Modern, flexible, nimble, innovative, tailored to the needs of start-ups in quest for financing, tapping into venture capital funds and attracting business angels. And the icing on the cake, safe for creditors. A true gem in the crown. Will it deliver, though?

Expected to come into force on 20 March 2020, a game-changing simple joint-stock company (P.S.A) is hoped to revolutionise the way business is done in Poland. Still, the flagship assumptions are but a staple diet of a foreign investor doing business in the Western world.

Where’s the revolution, then?

Token capital:

  • A 1PLN capital requirement at registration; 

  • The share capital to comprise the aggregate value of all the contributions made.

Elimination of formalities at incorporation: 

  • Speedy electronic registration in the S24 System;

  • Simplified dematerialisation of shares in the registry, electronic issuance of decisions;

  • Simplified electronic register of shareholders kept by an investor or a notary – a possibility to use blockchain.


  • Shares with no par-value vesting preference in respect of voting or dividends;

  • New type of founder’s shares ensuring retention of the original stake in the shareholding of the founders, irrespective of subsequent issuances of new shares;

  • Shares issued and allotted in exchange for the know-how, work or services performed for the benefit of the company to facilitate the development of the projects based on human capital;

  • At the outset PSA’s shares will not be quoted on the stock-exchange, yet at any time it may be transformed into a regular joint-stock company for this purpose.
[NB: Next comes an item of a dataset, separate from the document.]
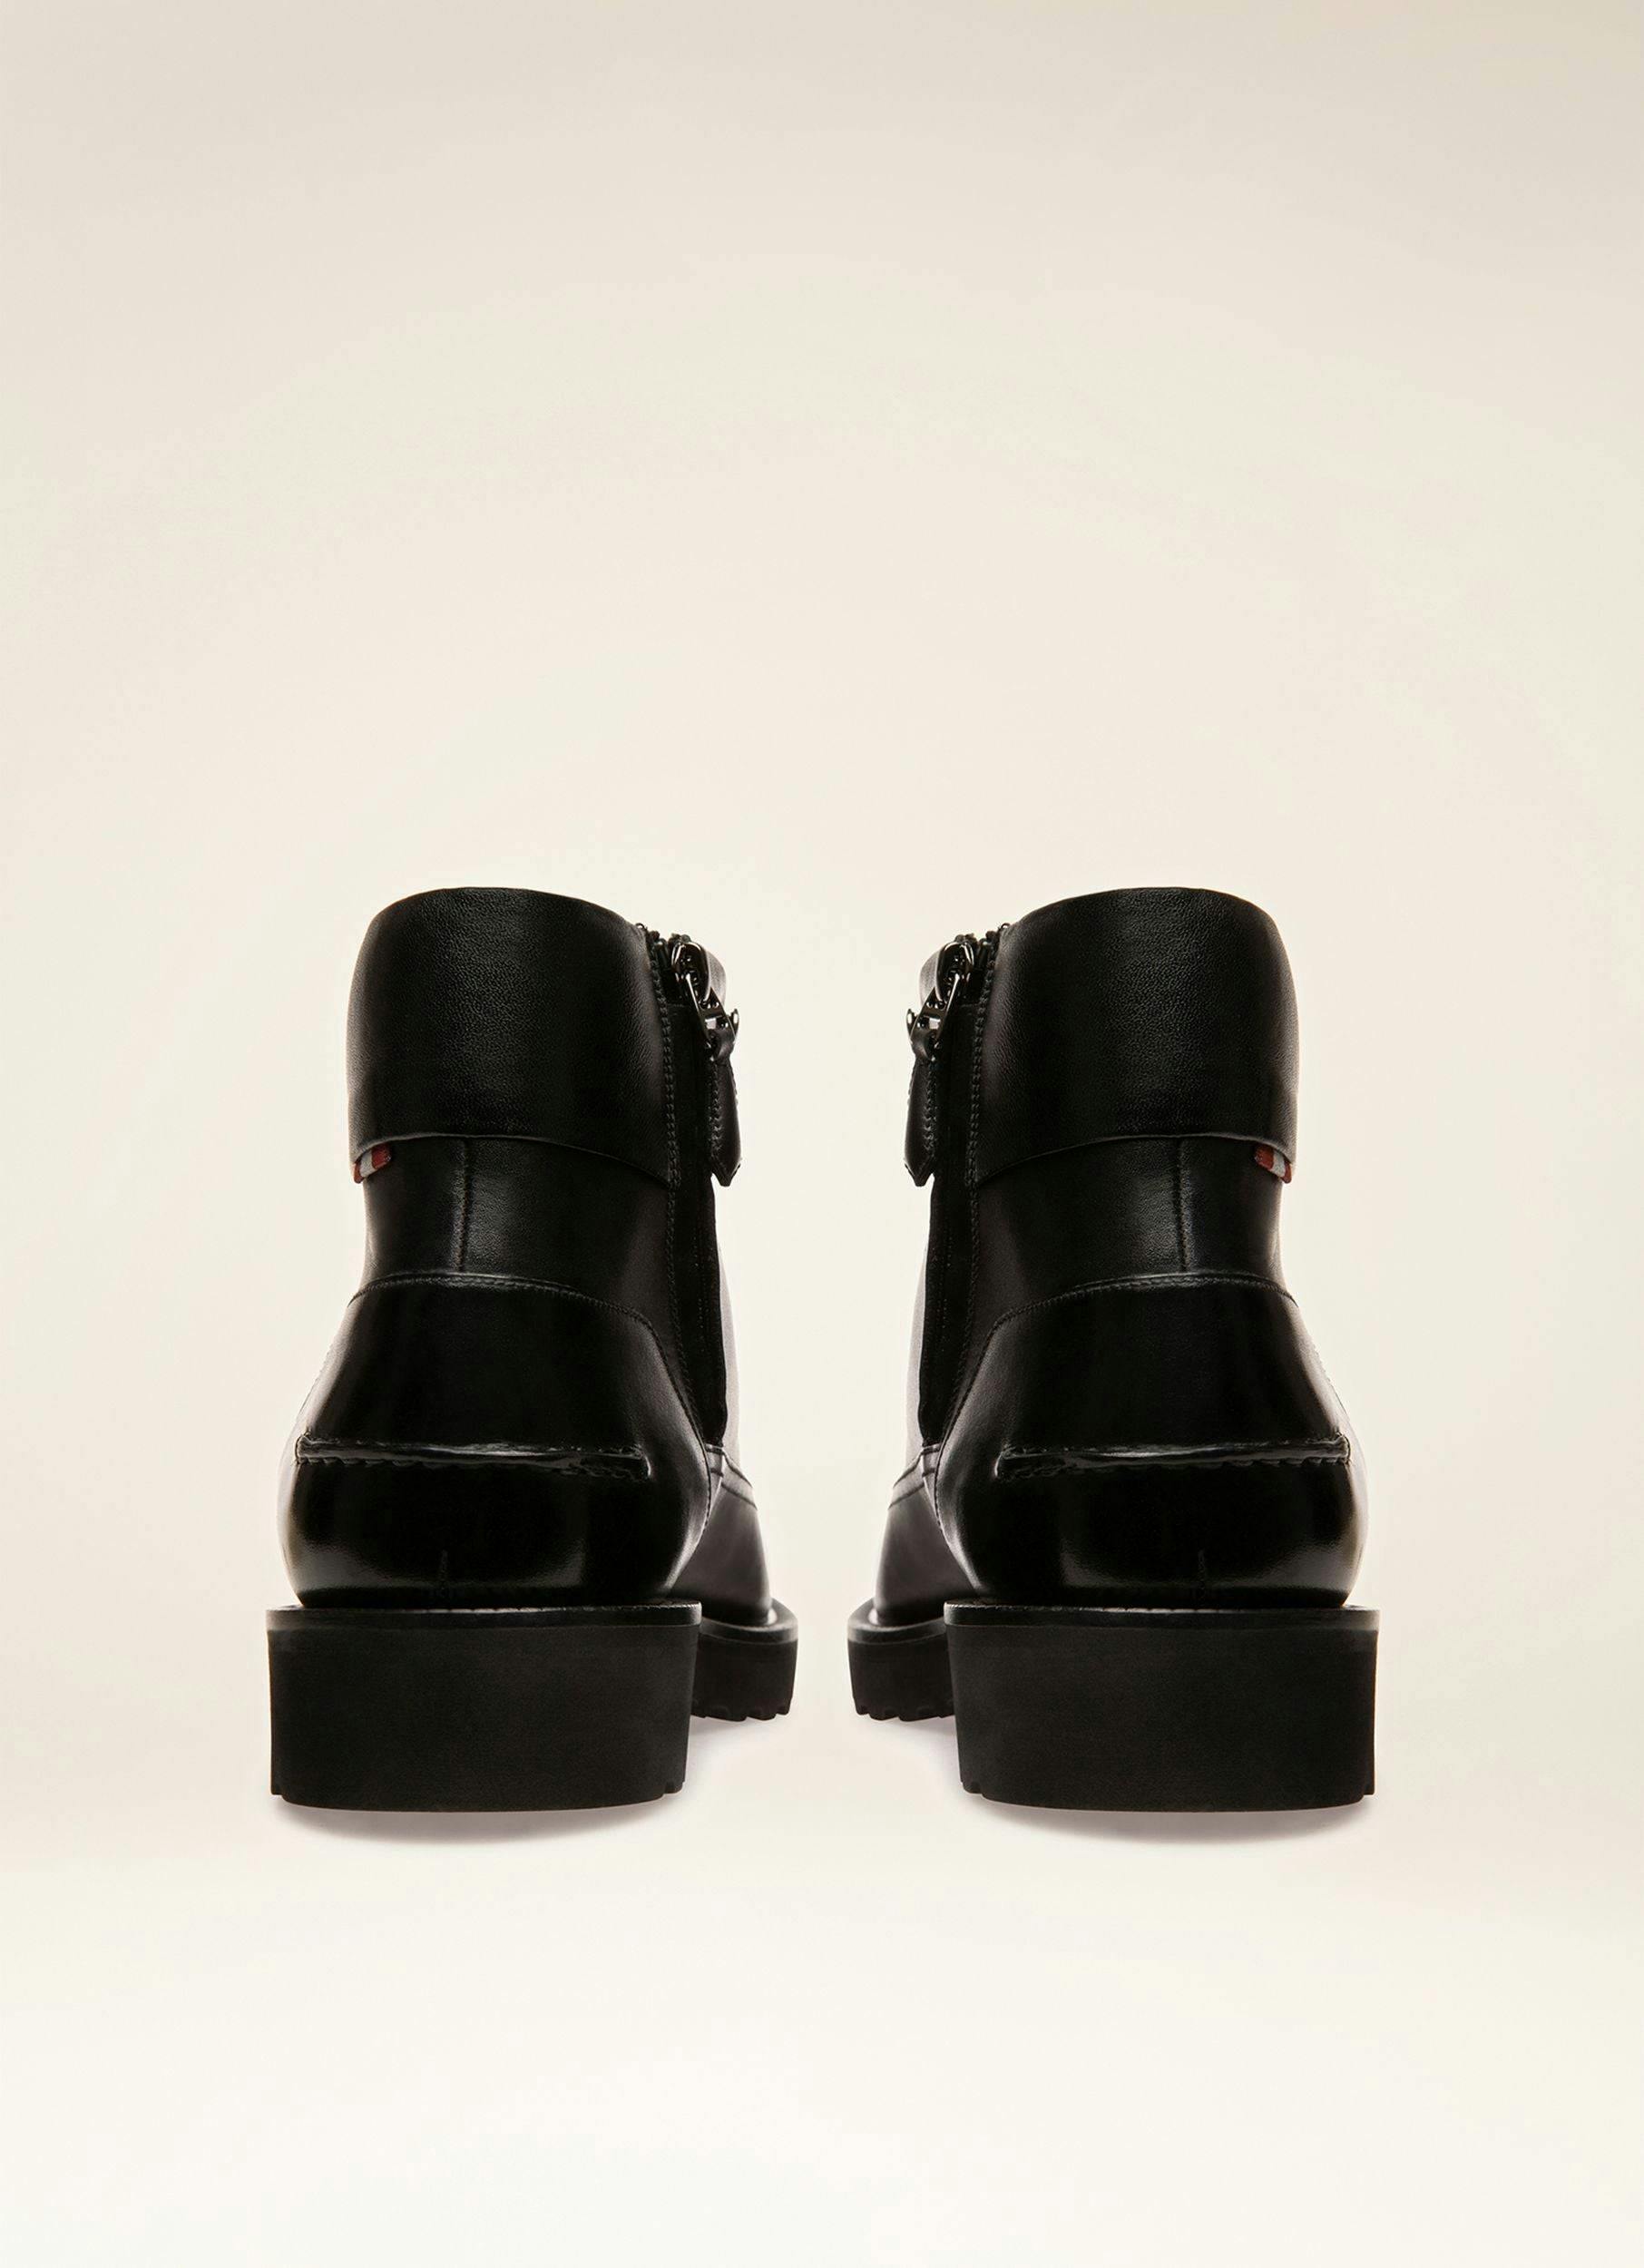 NOTTINGHAM Leather Boots In Black - Men's - Bally - 03

Flexibility in corporate management rules:

  • Notarial form no longer required;

  • Resolutions may be adopted by way of an e-mail or during a video-conference;

  • Option to hold meetings outside Poland;

  • Option to introduce an alternative model of the management structure with a one-tier board - the board of directors - as an organ hosting both the executive and non-executive directors, which will ensure transparency and uninhibited access to information.

Protection of creditors:

  • The company is prohibited from rendering performances for the benefit of the shareholders that could possibly put at risk the company’s solvency;

  • The duty to transfer 8% of the profit to the company’s capital until it reaches the level of 5% of the company’s outstanding obligations.


  • Simplification of the regular liquidation procedure;

  • Simplified liquidation in terms of the time frame;

  • The option for the shareholder to assume the company’s obligations upon the company’s dissolution.